> **Exercise description**
Among the entries below, find the line with "Schwarz, 31,5 x ..." and the line with "(...) Atakowanie baz". Return exactly those lines and every line between them, but no pictures.

> **Records to process**
*** Block opens ***
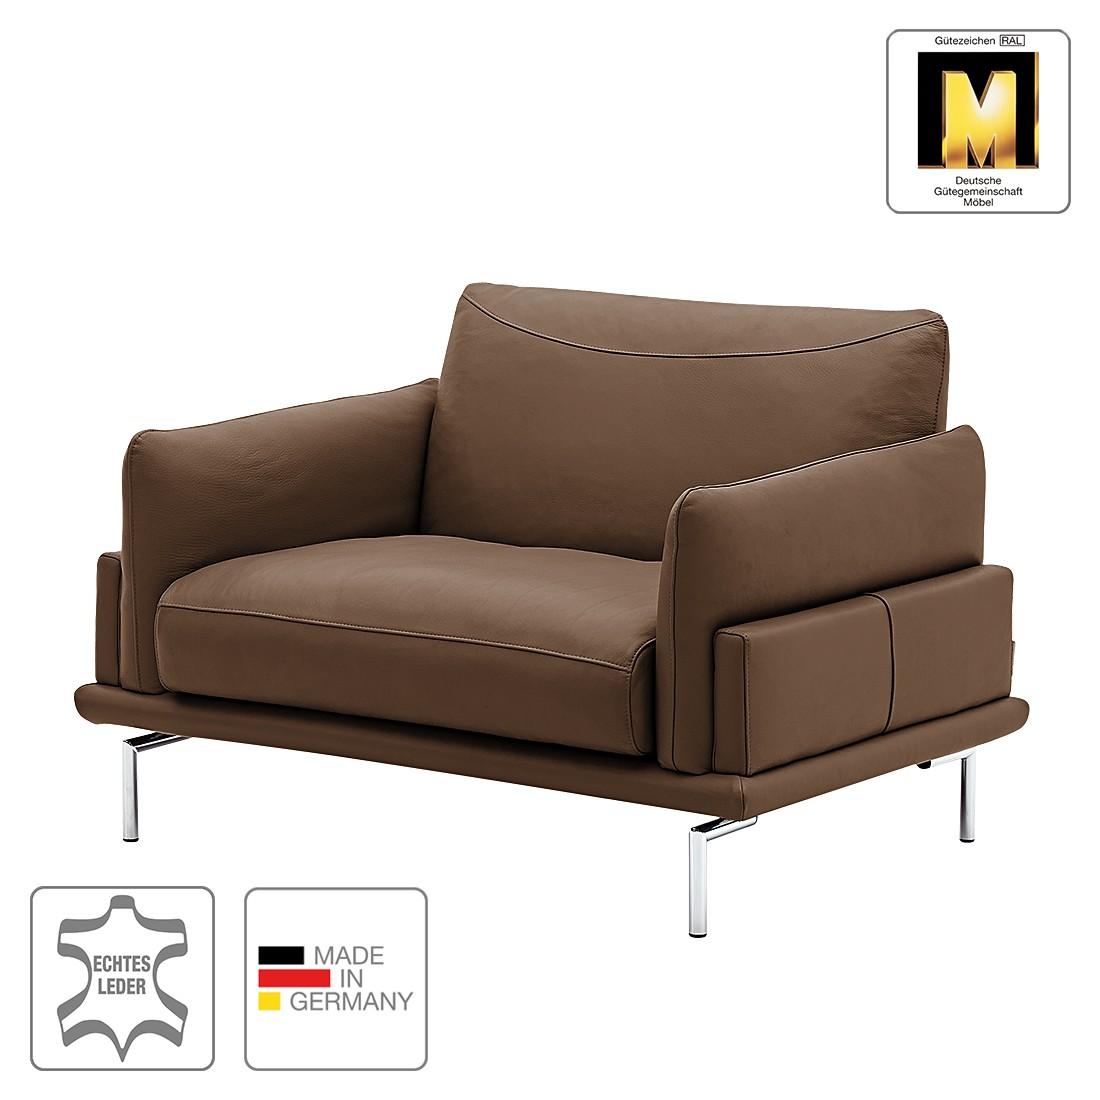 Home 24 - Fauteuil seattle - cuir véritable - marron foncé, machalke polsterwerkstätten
*** Block closes ***
*** Block opens ***
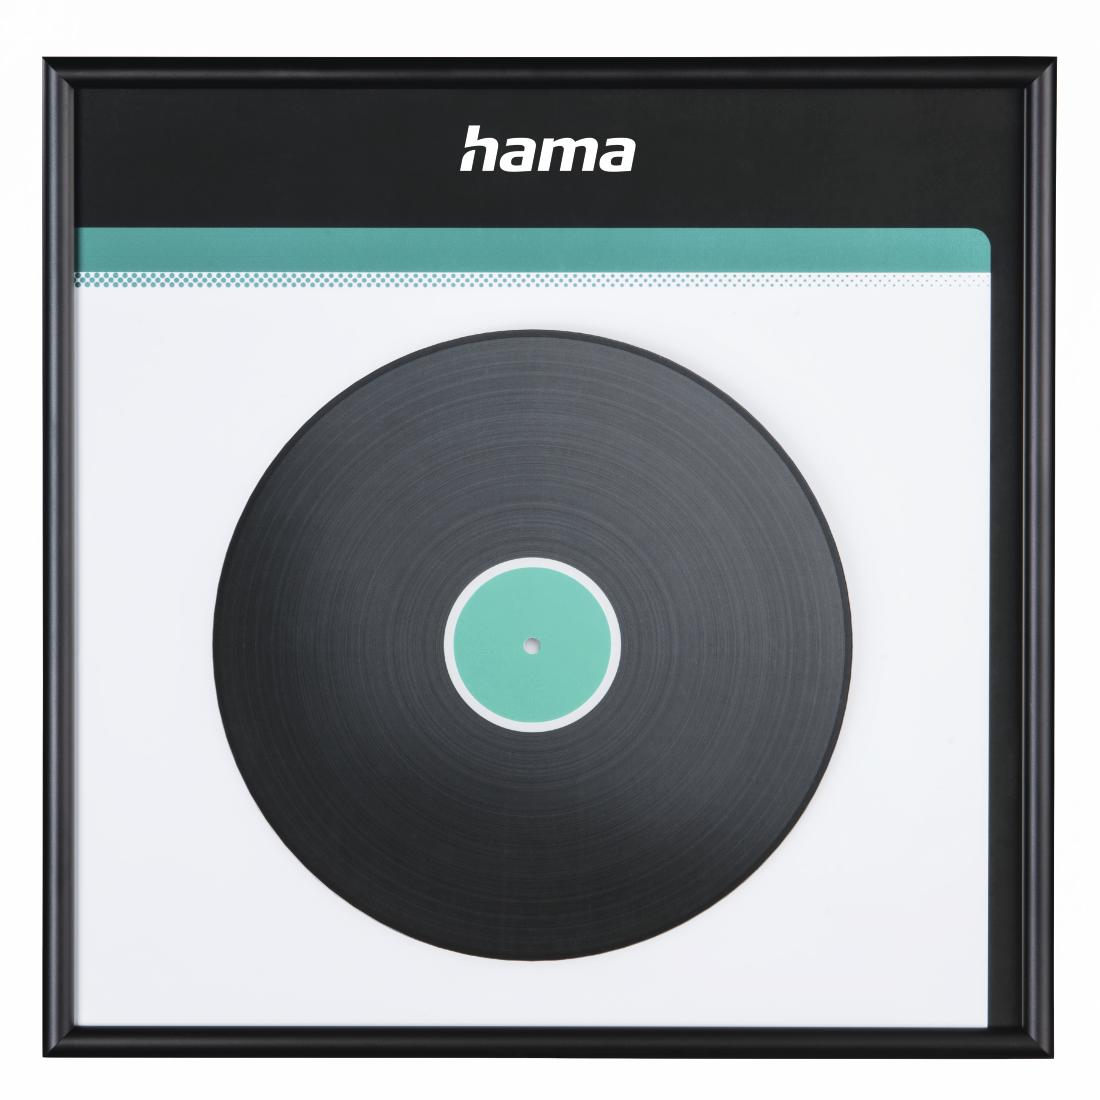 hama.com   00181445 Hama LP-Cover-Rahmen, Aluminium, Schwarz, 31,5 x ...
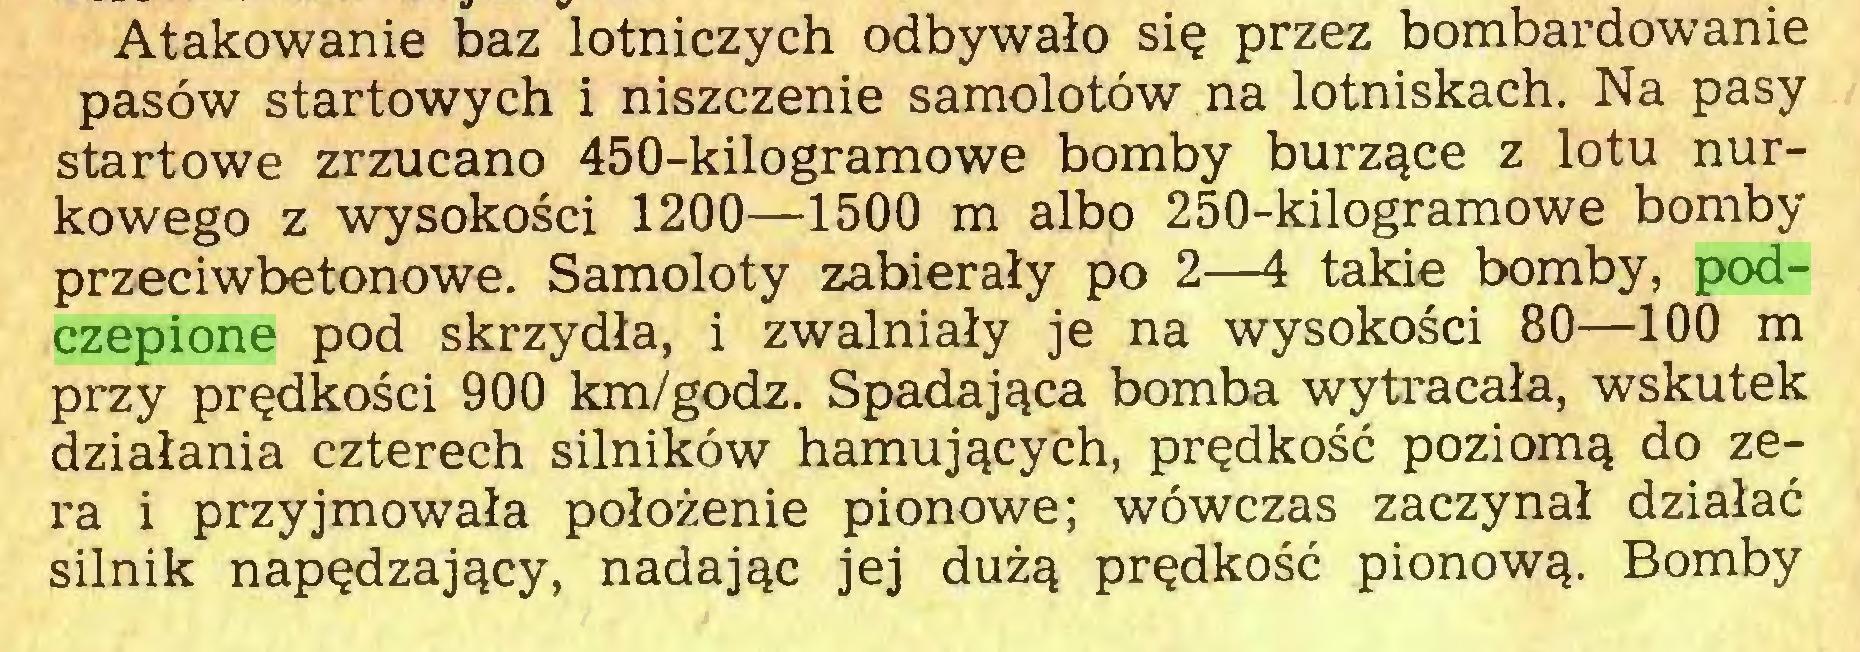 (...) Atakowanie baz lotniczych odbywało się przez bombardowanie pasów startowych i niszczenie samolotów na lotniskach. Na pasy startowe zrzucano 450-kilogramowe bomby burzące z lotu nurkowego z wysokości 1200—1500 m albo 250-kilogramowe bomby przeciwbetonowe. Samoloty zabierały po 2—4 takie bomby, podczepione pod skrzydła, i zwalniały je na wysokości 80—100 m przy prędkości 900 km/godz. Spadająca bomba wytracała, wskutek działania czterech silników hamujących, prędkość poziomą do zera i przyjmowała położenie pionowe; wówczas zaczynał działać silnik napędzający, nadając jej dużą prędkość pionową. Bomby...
*** Block closes ***
> **Reply to the exercise**
 hama.com   00181445 Hama LP-Cover-Rahmen, Aluminium, Schwarz, 31,5 x ...
 (...) Atakowanie baz lotniczych odbywało się przez bombardowanie pasów startowych i niszczenie samolotów na lotniskach. Na pasy startowe zrzucano 450-kilogramowe bomby burzące z lotu nurkowego z wysokości 1200—1500 m albo 250-kilogramowe bomby przeciwbetonowe. Samoloty zabierały po 2—4 takie bomby, podczepione pod skrzydła, i zwalniały je na wysokości 80—100 m przy prędkości 900 km/godz. Spadająca bomba wytracała, wskutek działania czterech silników hamujących, prędkość poziomą do zera i przyjmowała położenie pionowe; wówczas zaczynał działać silnik napędzający, nadając jej dużą prędkość pionową. Bomby...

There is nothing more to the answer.